- Task statement:
Exclude the pictures. Transcribe exactly, and only, the lines from the one holding "Musea Brugge - Groeningemuseum, Room" to the end of the material below.

- Input data:
*** Begin section ***

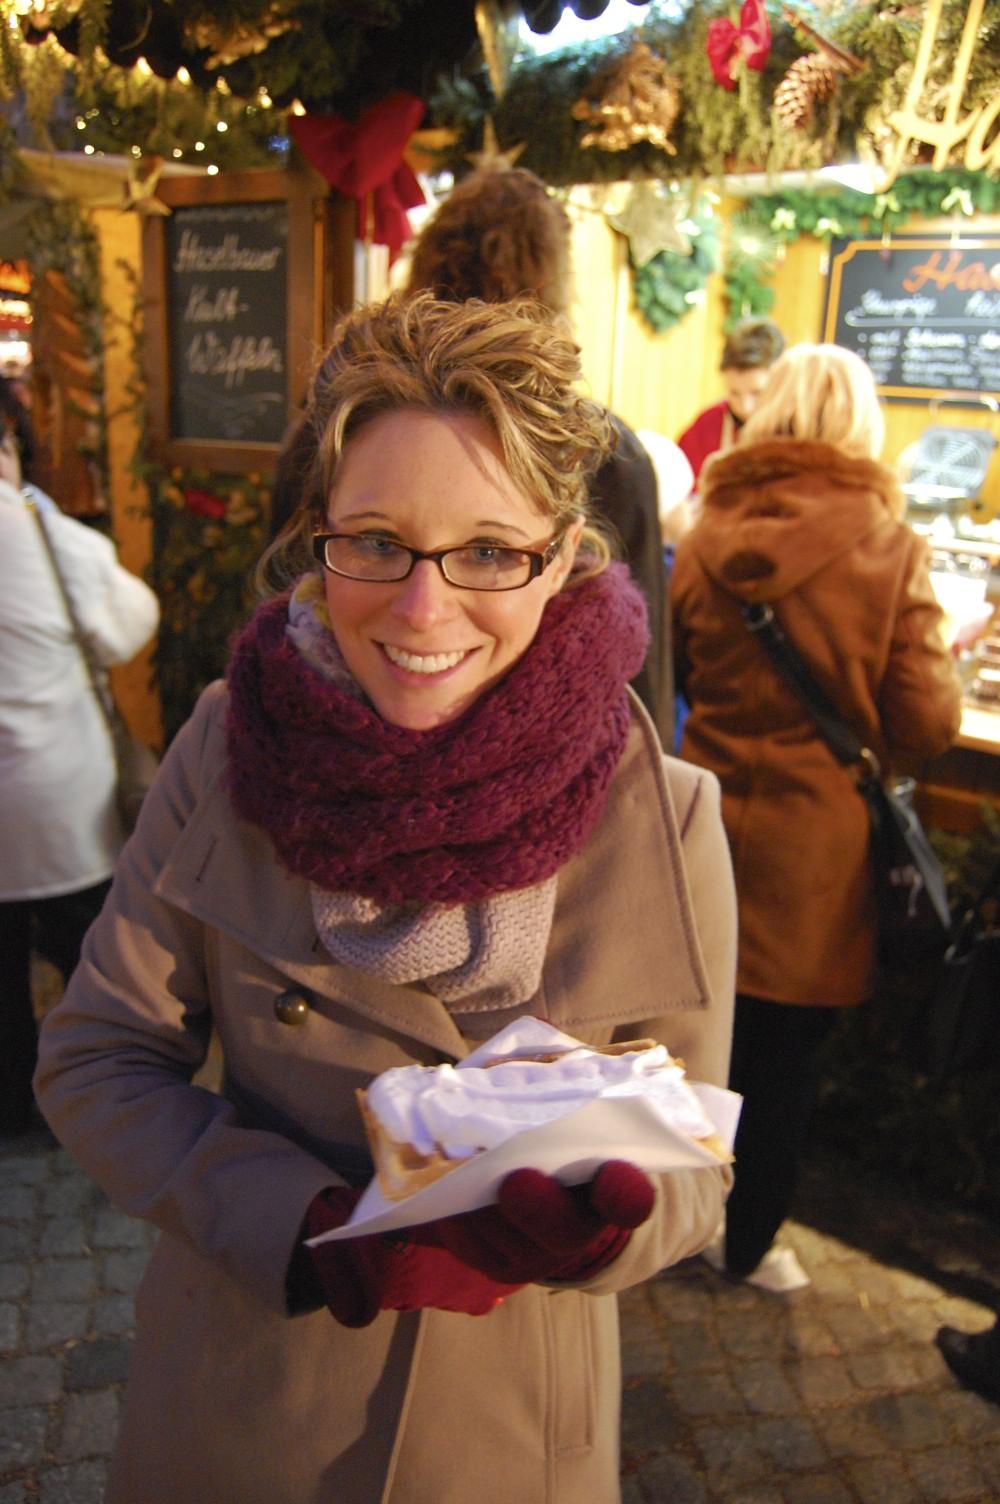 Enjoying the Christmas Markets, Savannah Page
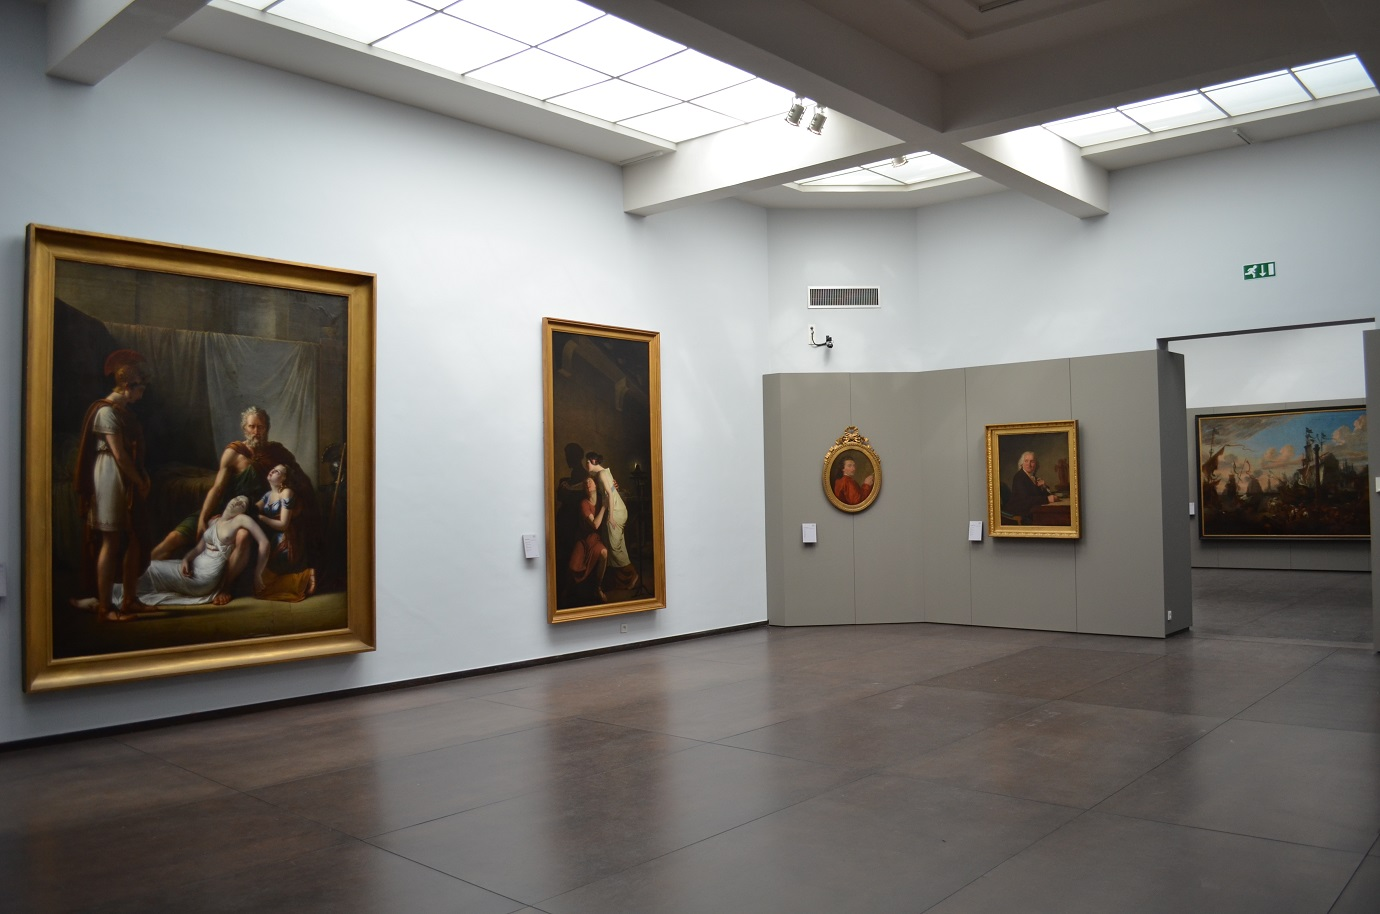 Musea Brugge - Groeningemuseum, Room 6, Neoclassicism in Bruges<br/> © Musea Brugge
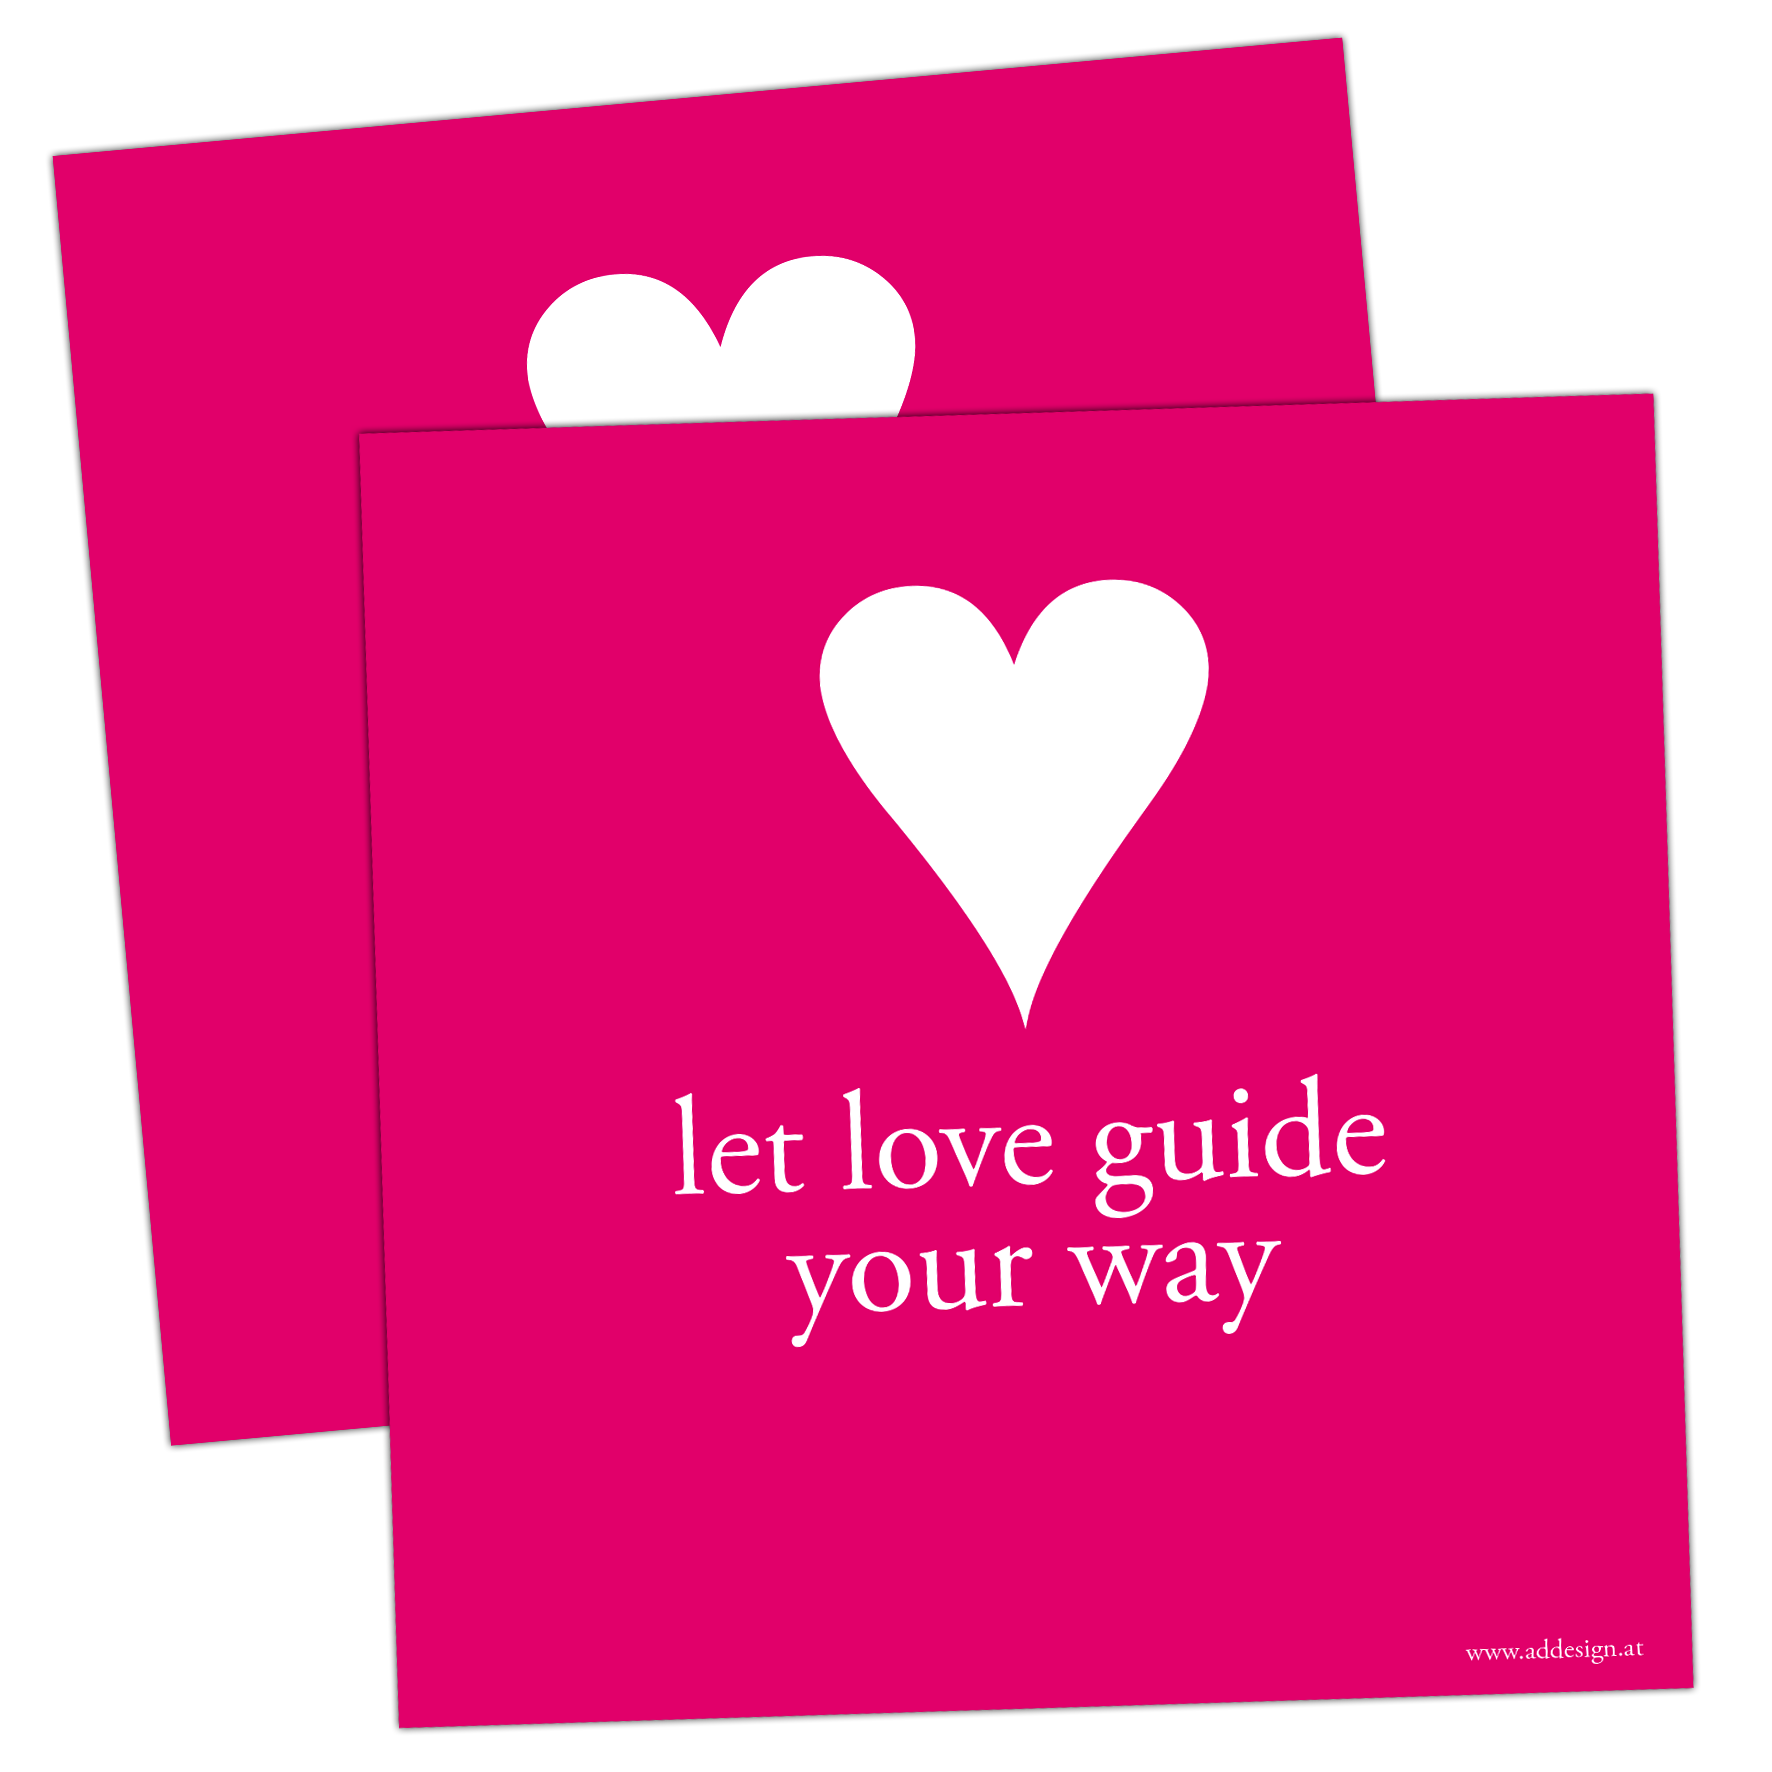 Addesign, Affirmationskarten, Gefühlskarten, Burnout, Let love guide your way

*** End section ***

- Solution for this problem:
 Musea Brugge - Groeningemuseum, Room 6, Neoclassicism in Bruges<br/> © Musea Brugge
 Addesign, Affirmationskarten, Gefühlskarten, Burnout, Let love guide your way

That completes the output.